# Extremely rare pink ivory burl



## Wolfdancer (Apr 20, 2009)

This is just a show off or gloat. I was able to get these three pieces of Pink Ivory. There 2 x 2 x 12  I am not sure if there going to be sold. I have never ever seen any before. Has anyone here ever seen any. It was really expensive.


----------



## ldb2000 (Apr 20, 2009)

That is some beautiful timber . I've never heard of Pink Ivory burl , thanks for showing it Rodney .


----------



## wudnhed (Apr 20, 2009)

That is just sick, I'm so jealous!!!!!!!!!


----------



## mick (Apr 20, 2009)

Dang Rodney.....I've turned some Pink Ivory that had some curl to it but that's just wicked cool! Never seen any like it!


----------



## dgscott (Apr 20, 2009)

Wow that's pink!
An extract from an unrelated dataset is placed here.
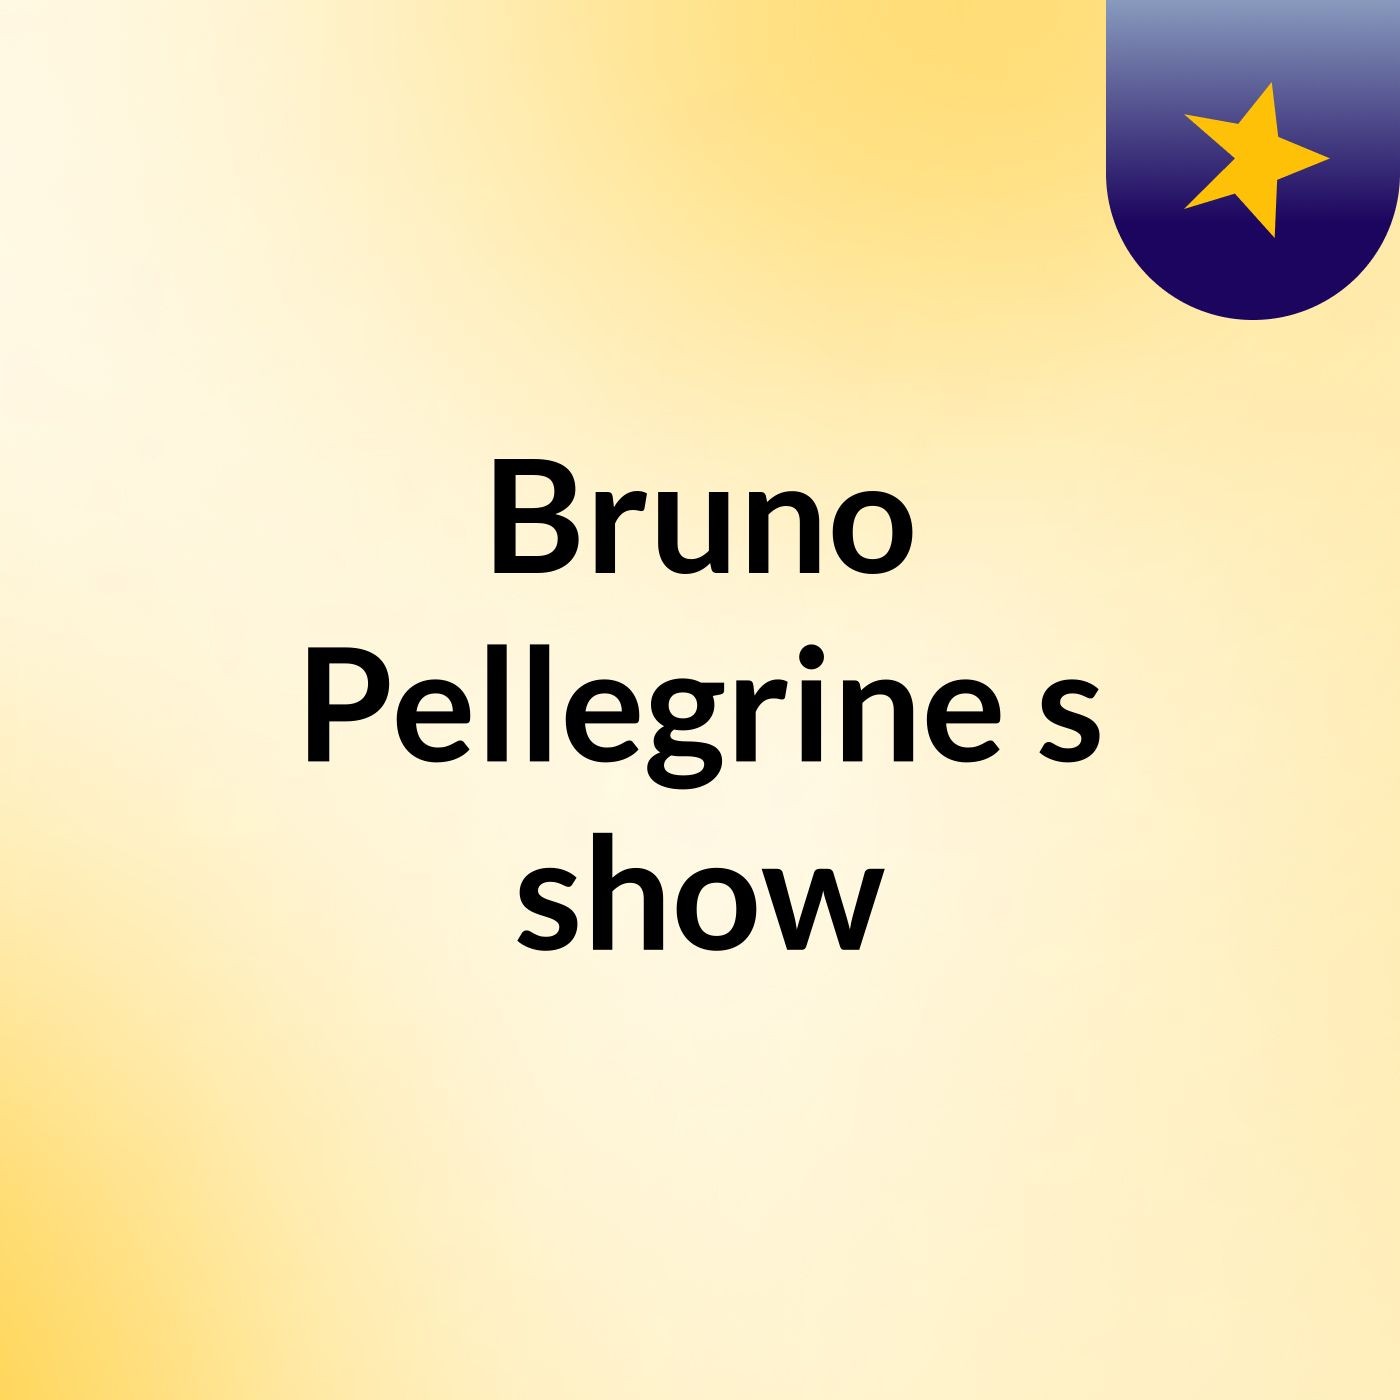 Episódio 4 - Bruno Pellegrine's show

Pretty stuff -- do something extraordinary with it!
Doug


----------



## bitshird (Apr 20, 2009)

Amazing figure, should make some killer pens.


----------



## TBone (Apr 20, 2009)

Thanks for sharing the pic, that's great looking wood.


----------



## CSue (Apr 20, 2009)

What a great find!  They're going to make some beautiful pens for sure!  

Outstanding photo, too.


----------



## wdcav1952 (Apr 20, 2009)

Rodney, I'm with Mike.  I've turned curly pink ivory, but didn't know it existed as a burl!!


----------



## nava1uni (Apr 21, 2009)

I think that you should send it to me so that I can see if up close.  It is difficult to fully appreciate it's beauty from a far.  Of course I would send it back to you in a years or so, maybe.


----------



## Stick Rounder (Apr 21, 2009)

Nice wood!  
Not everyday that a man tells you that.


----------



## workinforwood (Apr 21, 2009)

Wow..I never saw pink ivory that pink before, let alone as a burl.  Great find.


----------